For the evil that reigns, there is only the honest left to fear.
Clarissa was an ordinary nanny until Dr. Jeremy Colvert turned her into a bio-cybernetic freak. Now she's on the run, and an act of kindness might be her undoing.
When Michael met Clarissa everything in his world changed…again. Since the accident that nearly killed him, he too is a freak—a mixture of cyborg and man. Now they're hiding from those out to get them, and the aim to shut down Dr. Colvert's experimentation isn't exactly going as planned.
Love might have bloomed, but there'll be no future if they can't save each other.
Content Warning: this story contains sexual content and violence, but most of all hope
"You said I was the only one. I'm not like that anyway. I'm ready to go home." Fury grew, and he fisted his hands.
"No, Michael." Sara's voice firmed. "They didn't know about others until a report was made to the authorities a few weeks ago, but it was kept under wraps given your personal circumstances. I didn't know anything about it until last night when this was presented to me as the only resort. And yes, I agree, you exhibit no negative tendencies, but the authorities need to be sure of the safety and security of the populace."

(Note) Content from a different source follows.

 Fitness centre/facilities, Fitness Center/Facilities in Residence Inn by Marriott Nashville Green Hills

She advanced, brushing off the concerns of the guards.
"But your current anger won't help, so sit down and listen." She reached for him, even as the two guards thrust their hands to their belts.
He stalked to the bed and dropped down. It dipped and creaked beneath him. His hiss of anger was long, loud, and she winced at his obvious frustration. "Right. I'm listening."

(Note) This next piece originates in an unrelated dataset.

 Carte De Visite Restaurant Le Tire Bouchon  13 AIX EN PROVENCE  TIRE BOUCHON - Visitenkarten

"Good. You're to be released to a halfway facility. Your parents and siblings can visit as often as they like. The added benefit is no one will be mauling you while your body is healing, which, I have to be honest, concerned me."
Michael had to work hard to contain his snarl.
"Your transplants are new, and I don't want you to be physically manhandled and run the risk of infection," she continued. "It's a win—the only one you're going to get. Otherwise, you'll have to stay here until they determine you are emotionally stable enough. You must recognize it's harder here, because the conditions are manufactured. It would take longer to achieve the outcome necessary, and I'm not sure that would be untainted. This way, you'll have freedom to come and go to some degree. Please, understand, I've fought hard for this. For you."
He snorted. "What's the alternative? If I choose to leave and not enter the halfway house or remain here?"
She shuddered and looked away.
Michael frowned. "Sara?"
"You'd be disengaged. That's the only other alternative." Her words were muffled, movements edgy as if she fought some great emotional turmoil.
It took a moment for the words to refine in his mind.
Disengage. Disengage his bio-tronic life support battery? "Sara?" Oxygen clogged in his throat, almost choking the life from him. "They'd do what?"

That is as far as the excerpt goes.